Inheriting European holiday homes – what is the position post Brexit?
The UK’s post-Brexit relationship with the EU has left private individuals with assets in European countries wondering what might happen to those assets should they die. Would, for example, a Will made in the UK apply to a holiday home in the South of France?
Several years ago, the EU introduced laws to simplify succession across member countries, called Brussels IV. They allow for anyone to elect for the laws of the country of their nationality to apply to any EU assets for inheritance purposes. So as an illustration, a UK national could opt for UK laws to apply to the inheritance of their French holiday home. This might be useful to avoid the forced heirship and other inheritance regimes.
The UK opted out of Brussels IV, which means for example, a French national cannot elect for French law to apply to his UK property. The UK is therefore treated as a ‘third country’ and following Brexit will remain a third country, meaning in practice, very little will change going forwards.
Individuals will therefore be relieved to know that in practice Brexit has had very little impact on these arrangements, but it does continue to mean that Brussels IV will need to be considered when drafting Wills. Clients should still seek appropriate specialist advice to ensure their European assets are appropriately safeguarded under their Wills.

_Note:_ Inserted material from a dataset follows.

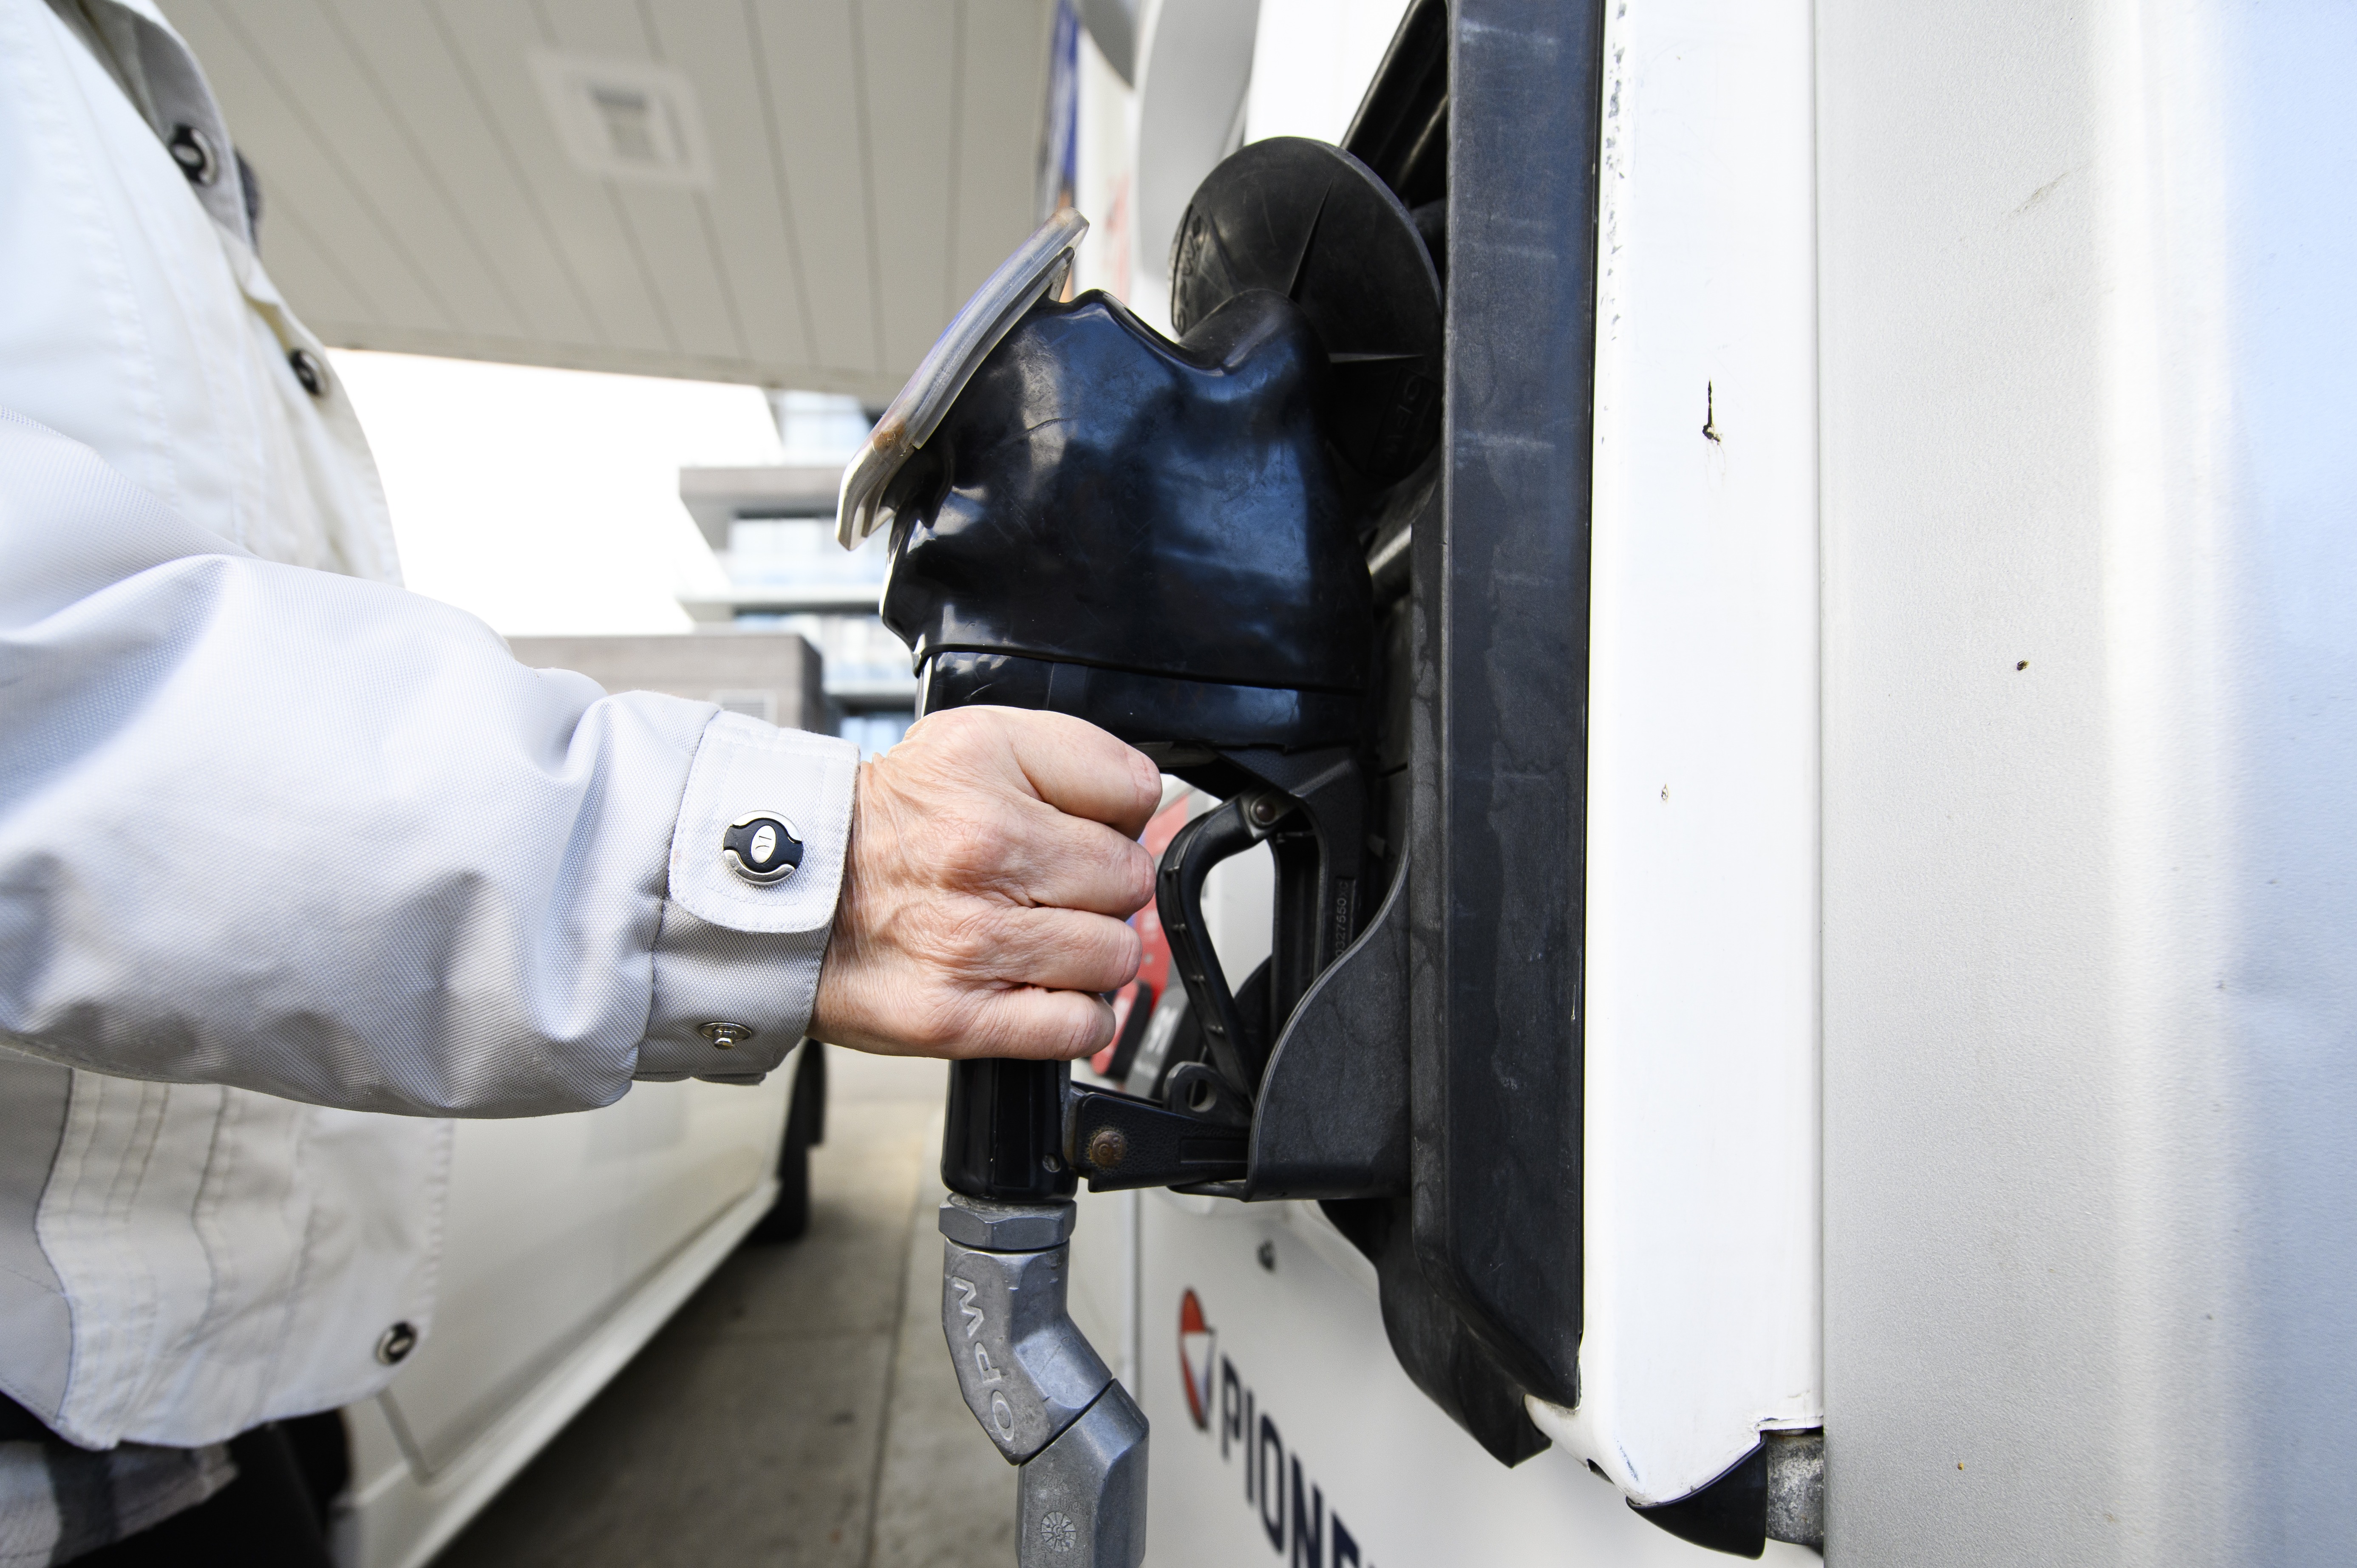 Alberta to increase fuel tax by 4 cents starting April 1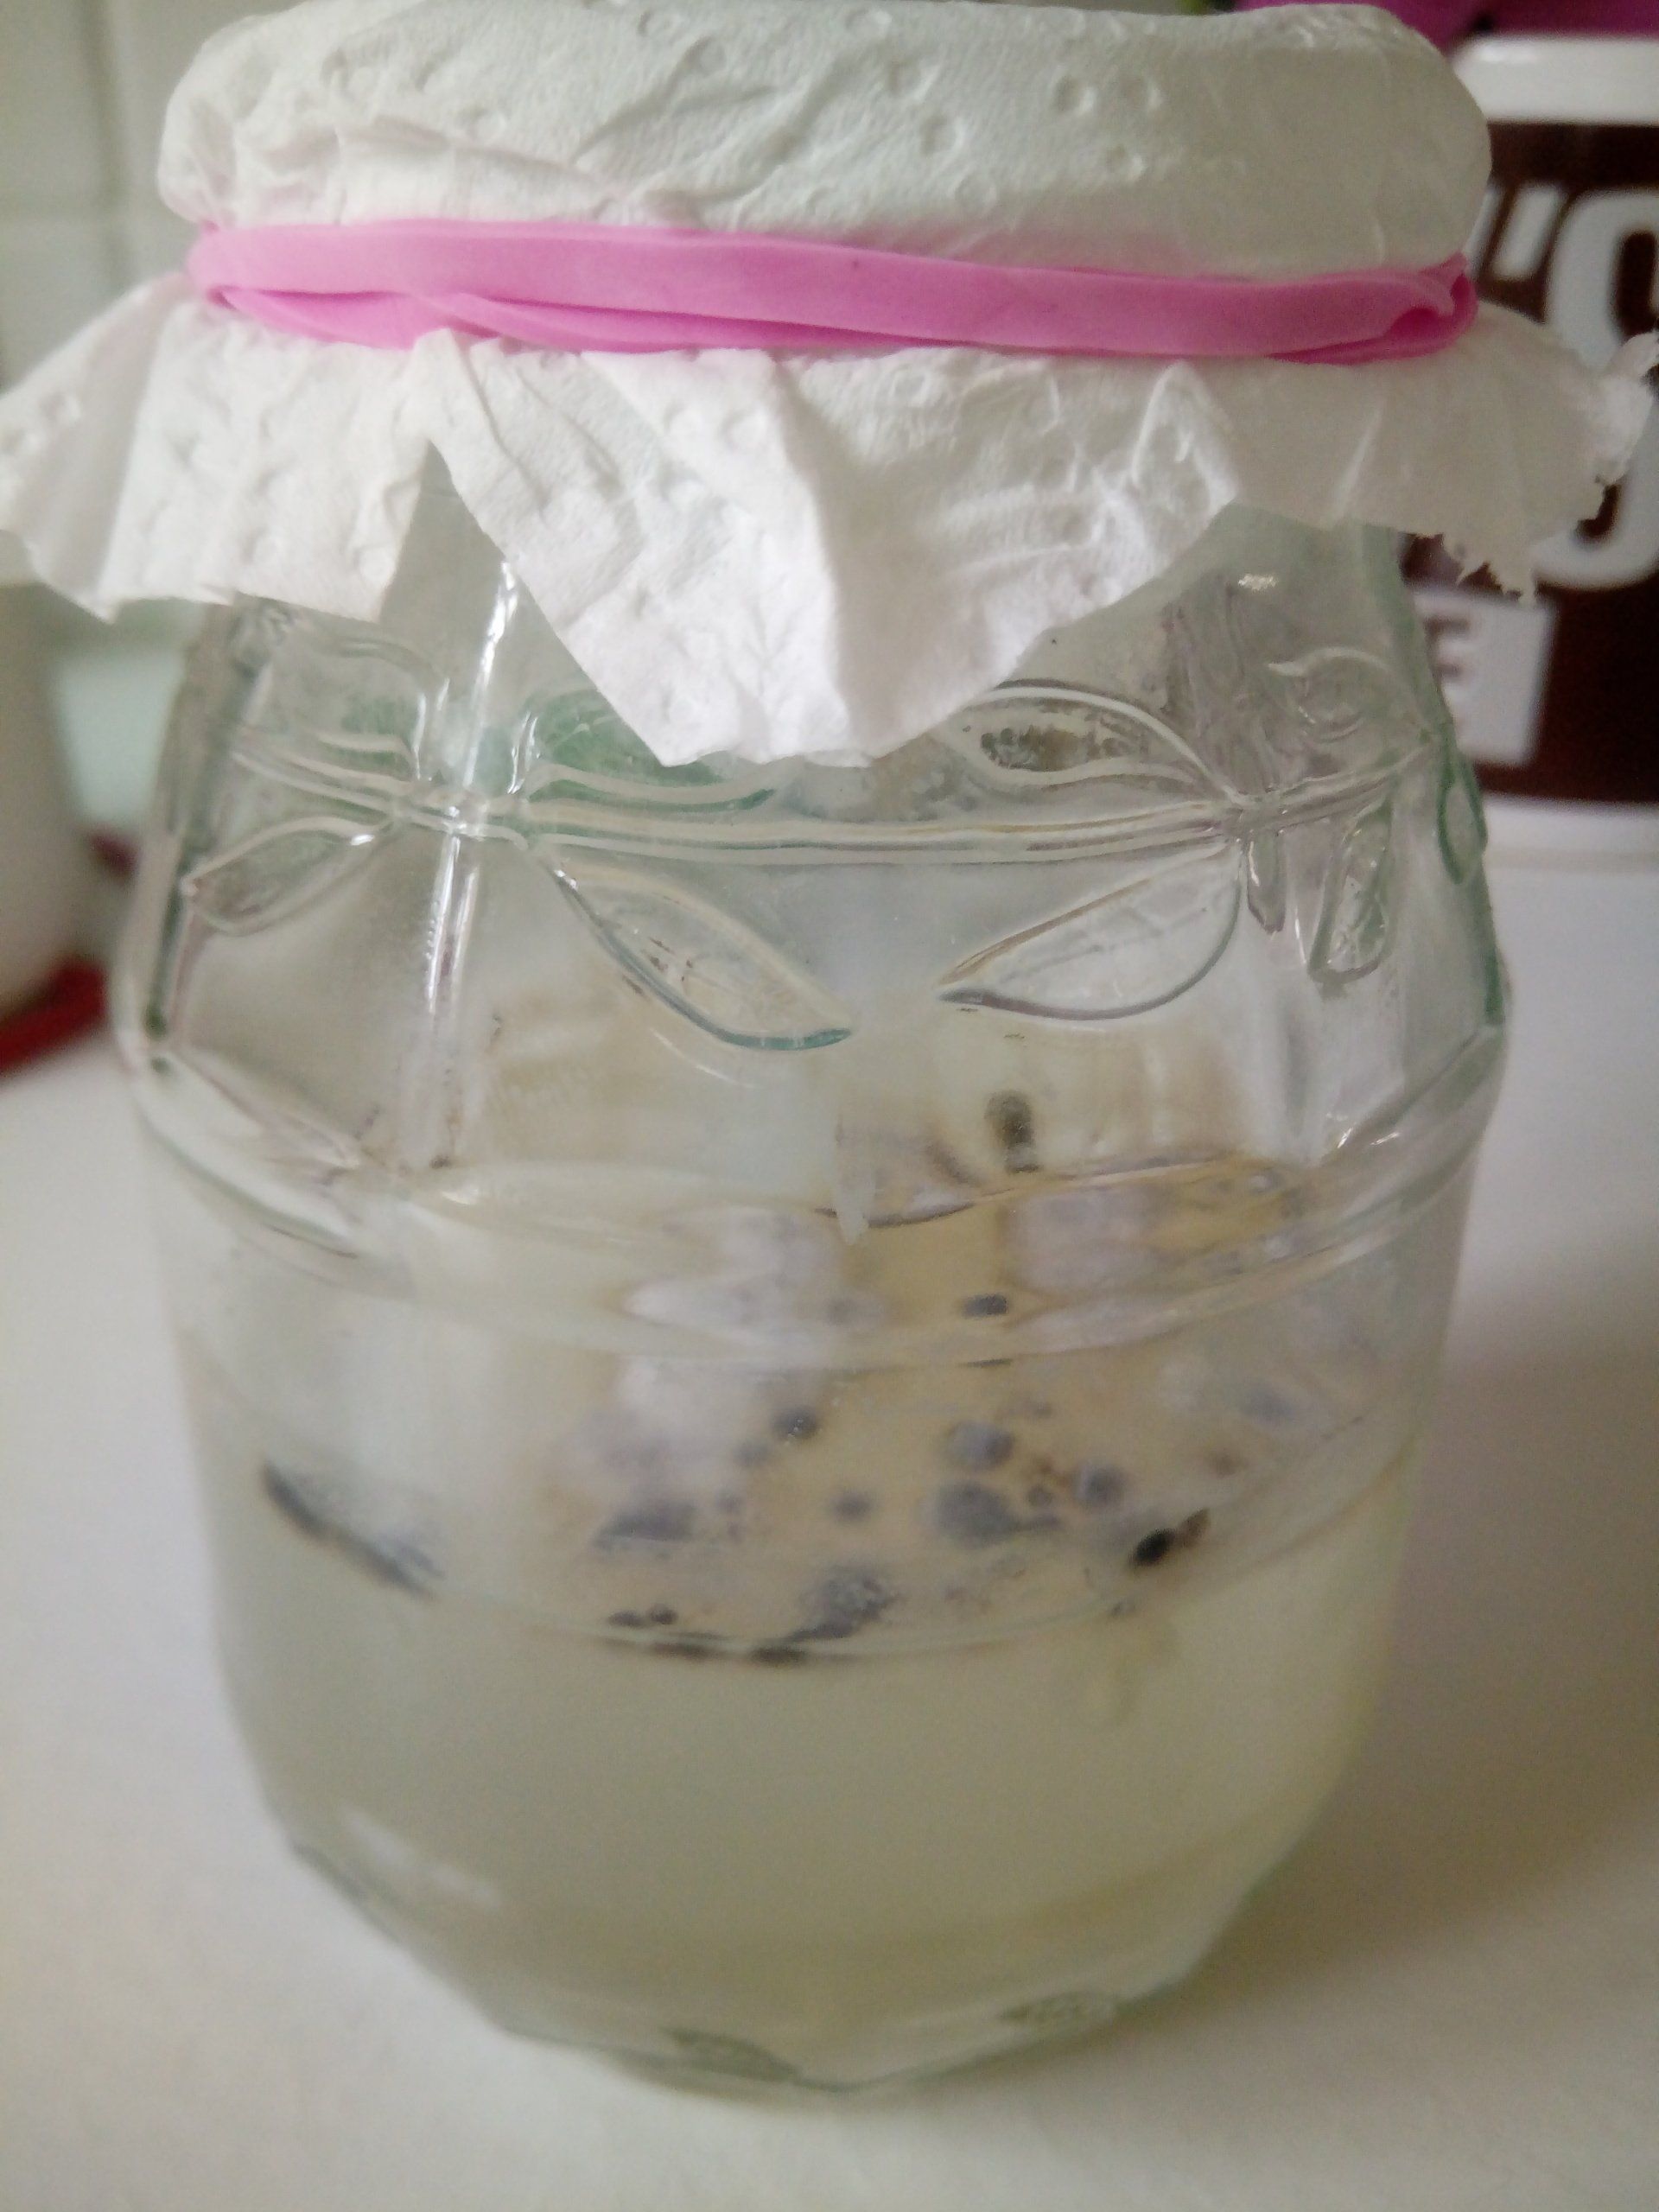 Fermenting Cucamelon Seeds in a Jar covered with a Kitchen Towel Lid

Whilst the position on succession has thankfully not changed greatly, there may be other practical and tax changes caused by Brexit on which you should also take advice. For example, on 1 January 2021 if you are UK resident and own a holiday home in France you must now appoint a local tax representative when you sell it. Another change is that UK nationals not resident in France can no longer benefit from the exemption to appoint a représentant fiscal on the sale of French real estate.